Night (1947-2015)

On view beginning September 22, 2012

Sometime in the mid-1960’s, a rail-thin white plaster sculpture called Night (1947), by Alberto Giacometti, walked away from the Glass House and never came back.

One of very few artworks ever displayed in the Glass House, Night’s rawboned figure was granted pride of place atop the Mies van der Rohe glass coffee table. Over time, the sculpture began to shed its outer layer and was eventually sent to the artist’s studio for repairs. But Giacometti died before the work was restored and the sculpture never returned. Neither repaired nor replaced, its absence still lingers; a Modern ghost.

In place of a traditional artist-in-residence program, Night (1947–2015) is instead a sculpture-in-residence program; an unfolding sculptural exhibition held in the same spot where Giacometti’s Night once stood. A series of contemporary artists will contribute works that contend with the legacy of Giacometti’s sculpture and Johnson’s architectural opus. On display for three to six months at a time, the sculptures in Night (1947–2015) will “disappear” after their run, making room for new work and new absences.

Although world-class painting and sculpture populate Johnson’s property, Night (1947–2015) is the first formal art exhibition to be held on-site. The slowly unfolding exhibition places Johnson’s collection in dialogue with contemporary sculptural practice while positioning the architecture itself – long a site of critical discourse – as both backdrop and collaborator.

Night (1947–2015) is primarily comprised of never-before-seen works by a number of mid-career and established artists. Special attention will be paid to artists who grapple with themes raised by Giacometti’s vanished Night -- themes that largely work in contrast to those of Johnson’s transparent temple.
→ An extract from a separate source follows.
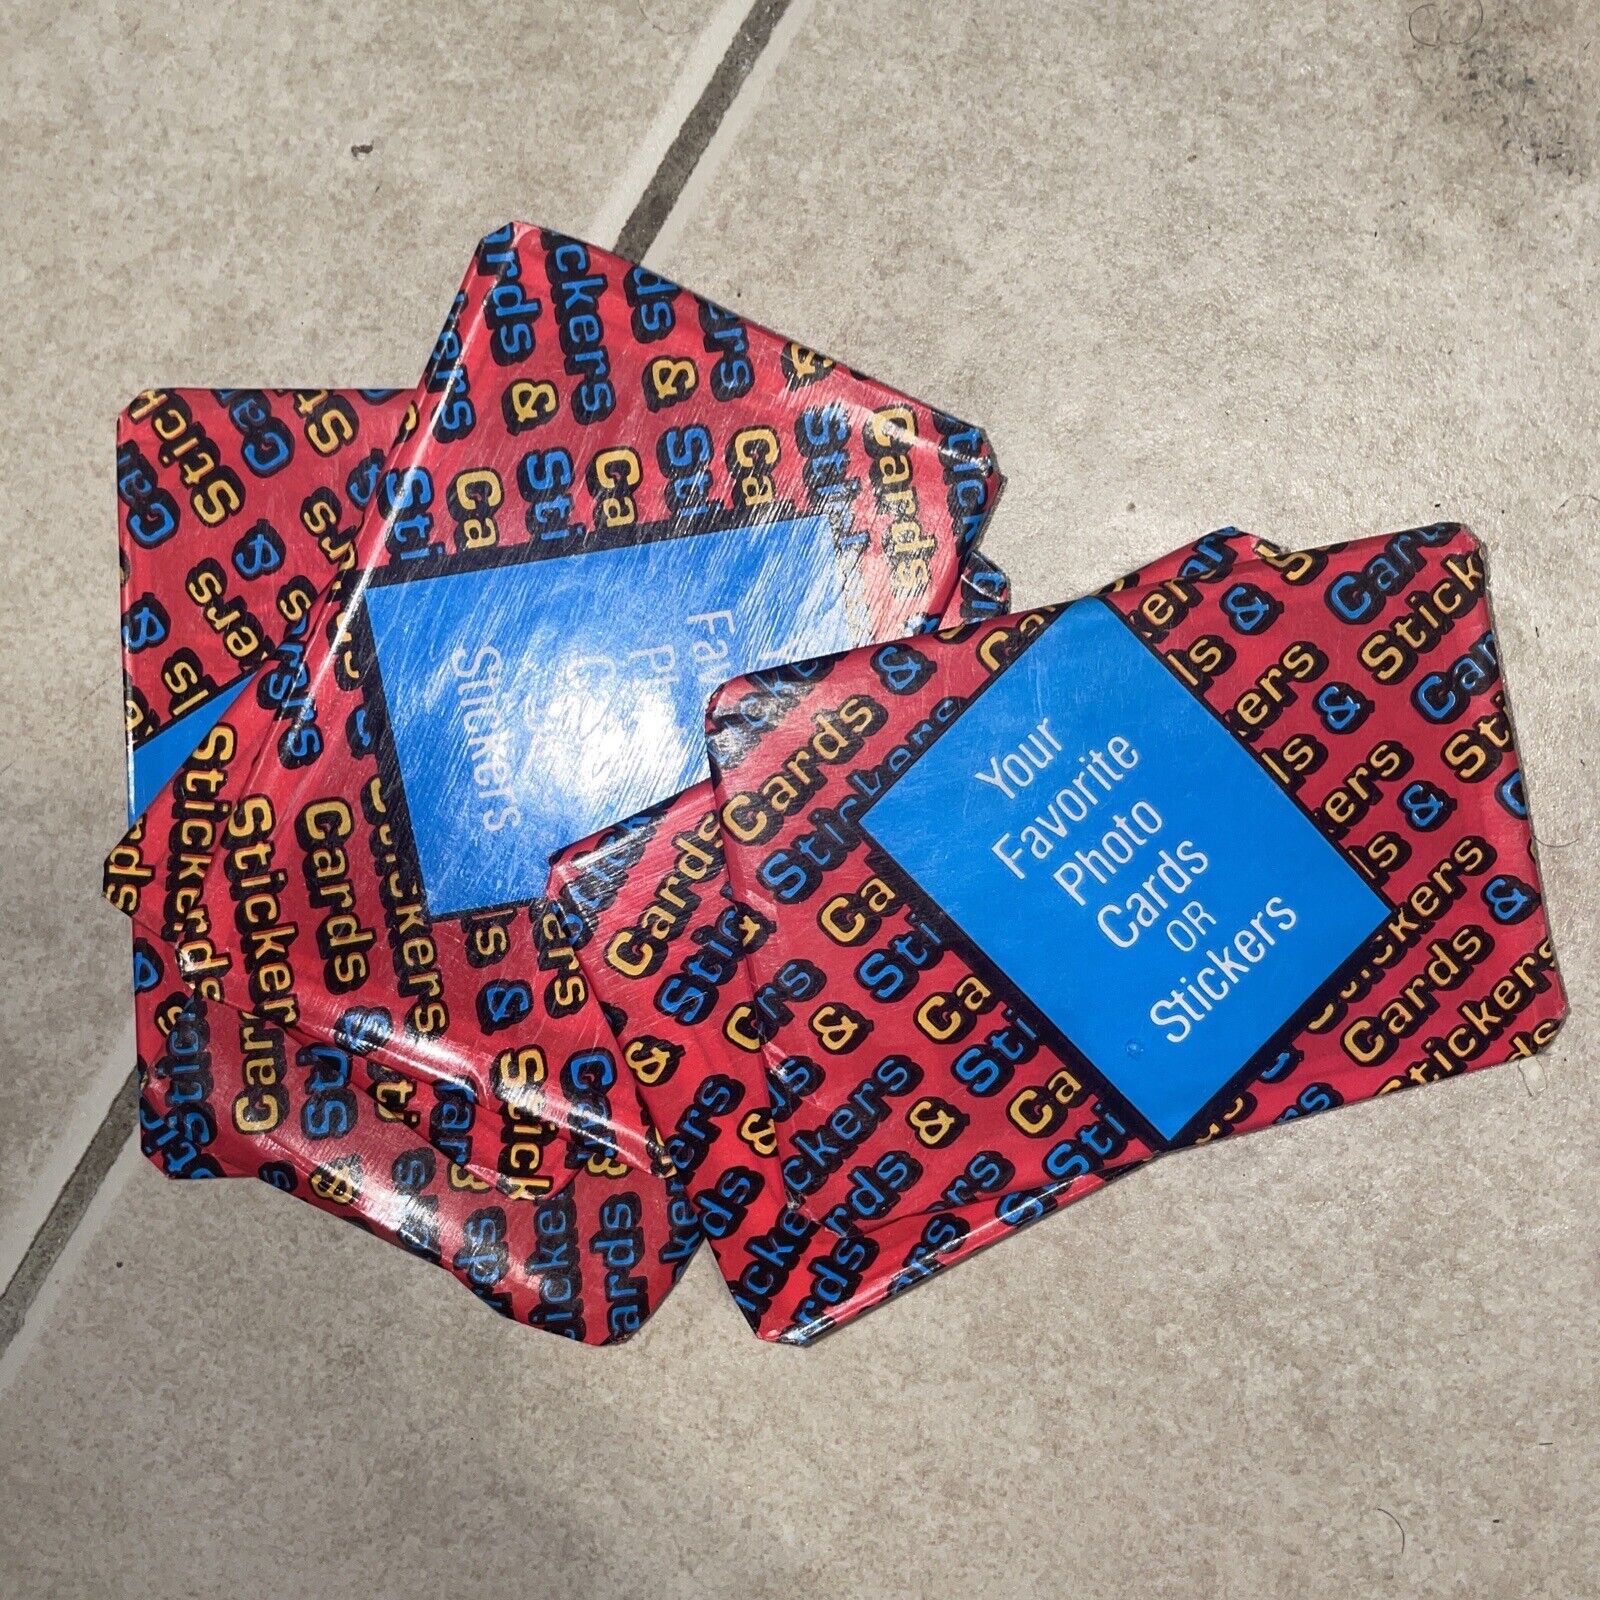 1981-Donruss -(6)-Sealed Fun Bag Packs Cards(No Gum or Stickers)
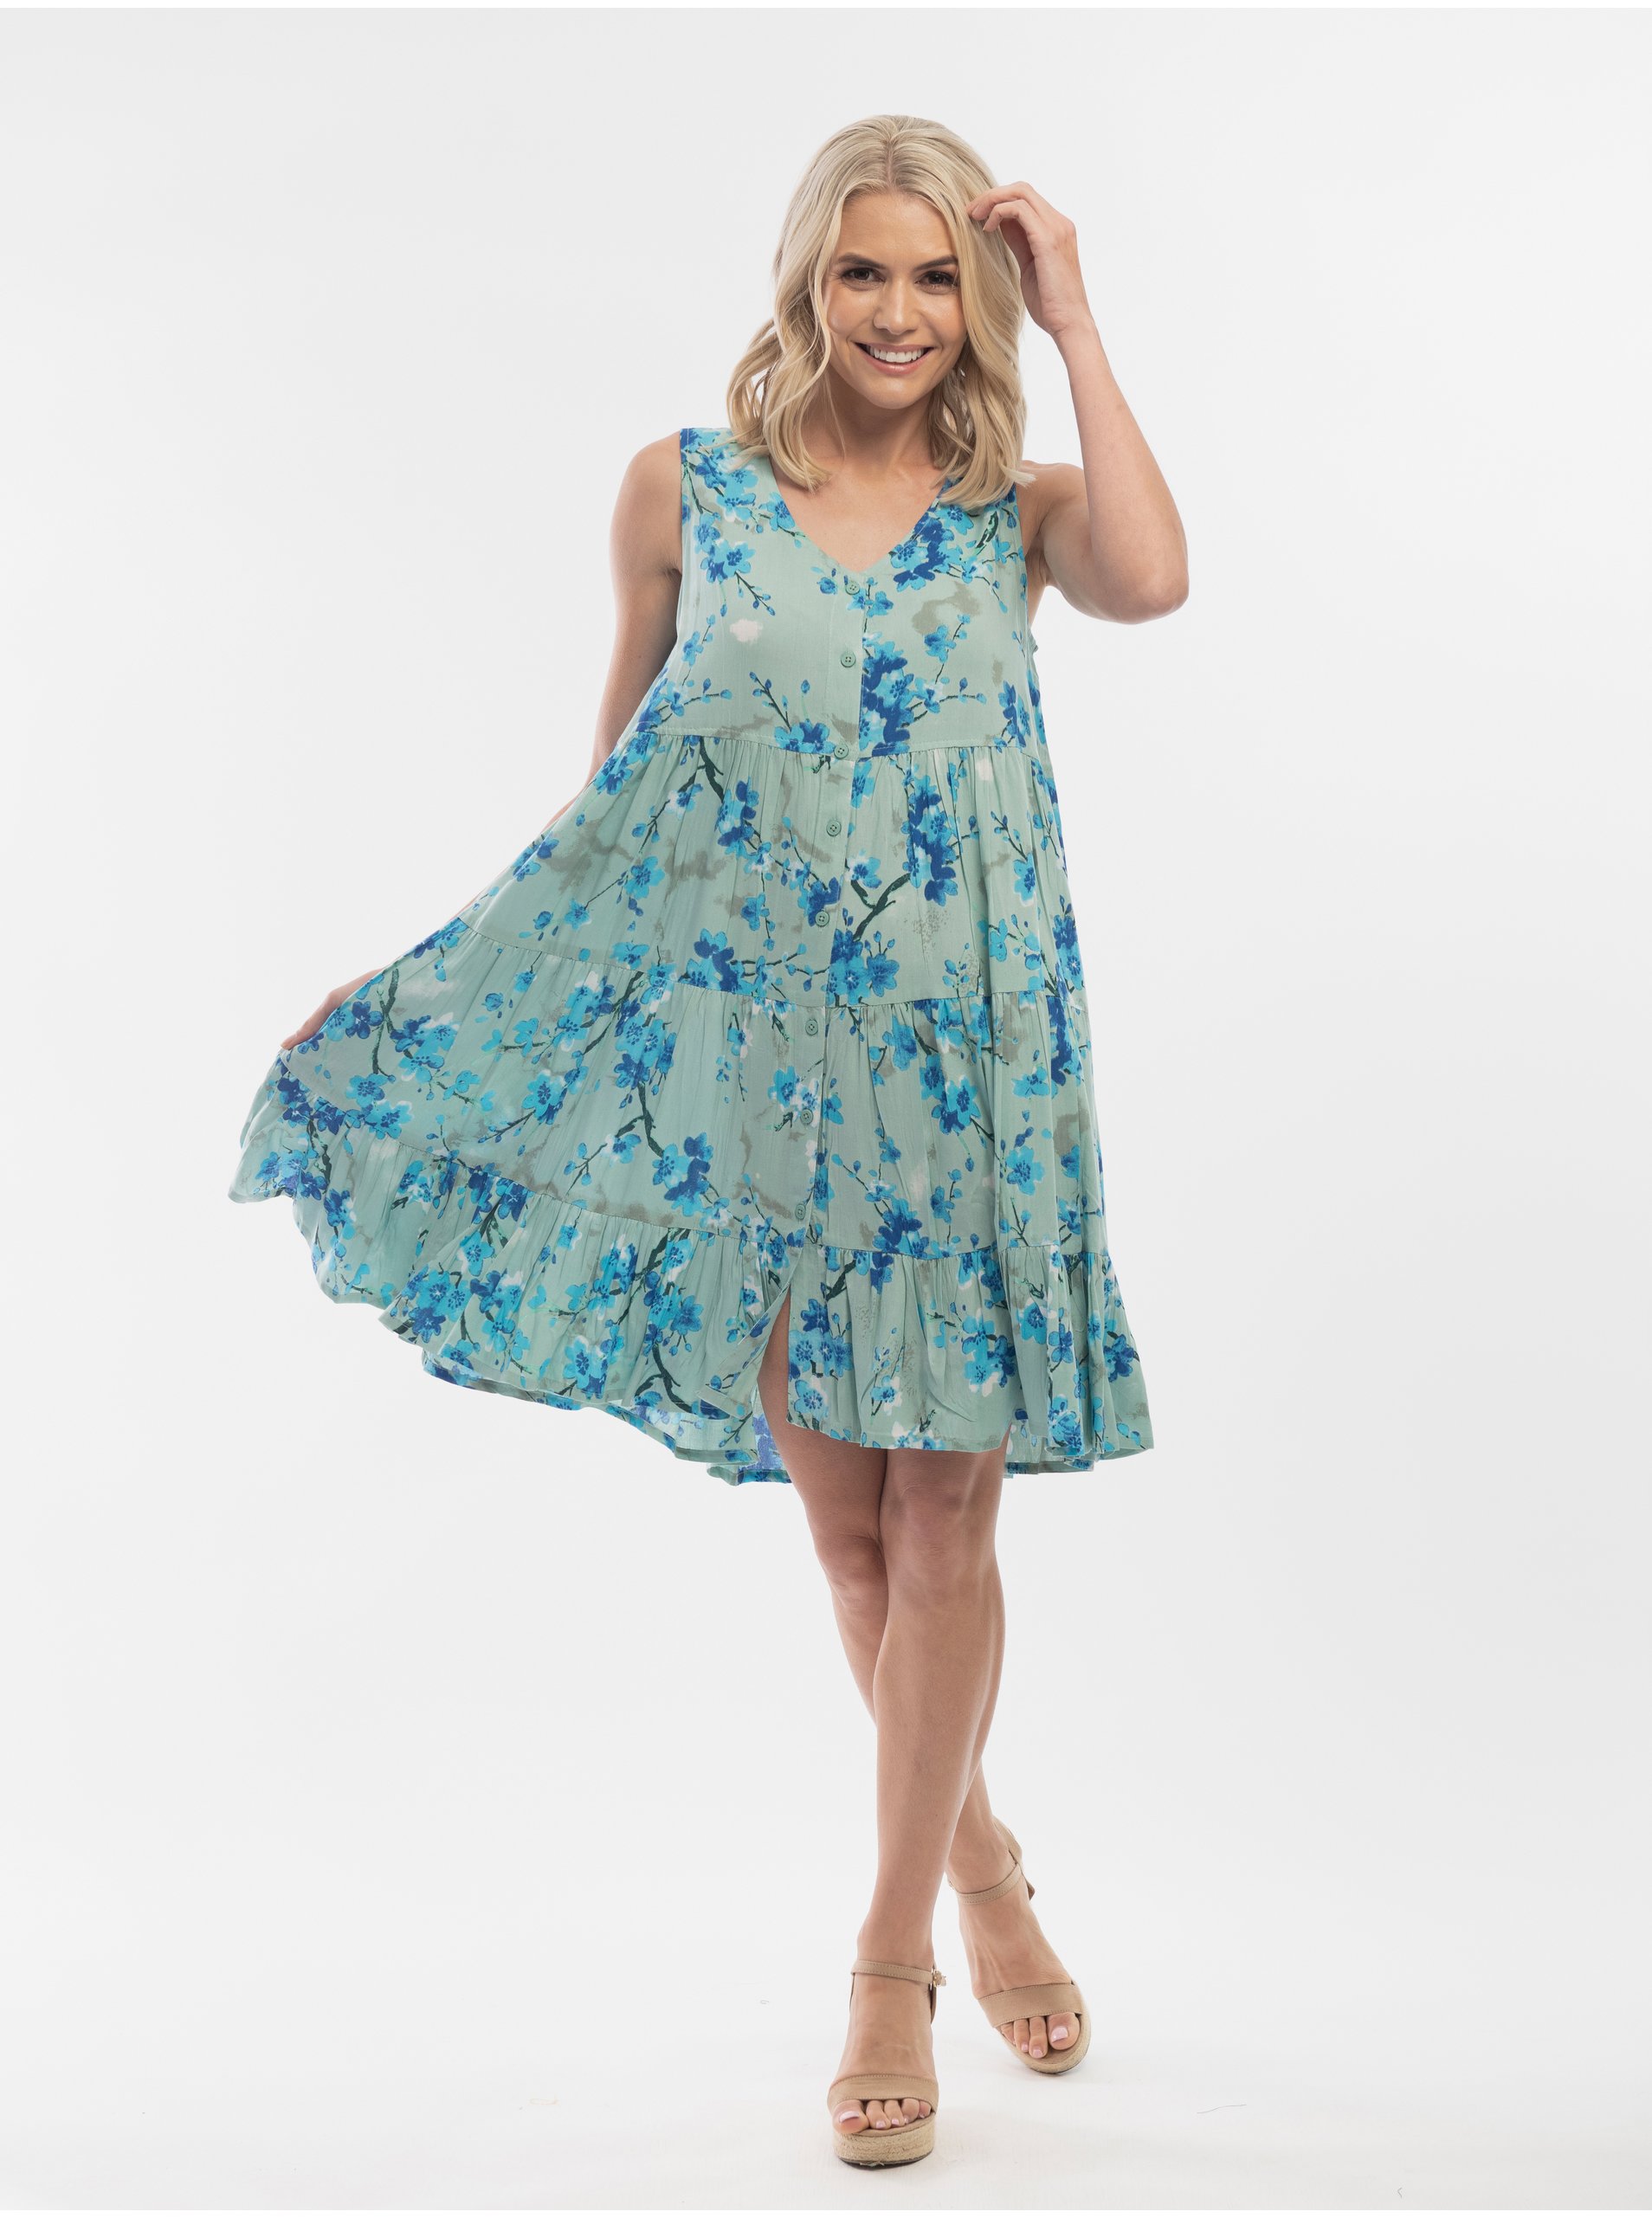 Lacno Letné a plážové šaty pre ženy Orientique - tyrkysová, modrá

Works will explore unreliability, looping, curving, transparency, reflectivity, and doubt. Additionally, works will have a significant relationship to architecture and design.

Artists will be selected and announced each year through the completion of the exhibition in 2015.

Tauba Auerbach, Gnomon/Wave Fulgurite I.I, 2013
On view: May 2 - September 1, 2013























Fulgurite is a natural glass formed spontaneously when lightning strikes sand. Also known as petrified lightning, fulgurite is light made tangible. A gnomon, on the other hand, is the shadow-casting arm of a sundial, silently transforming light into shadow. It reveals by interrupting.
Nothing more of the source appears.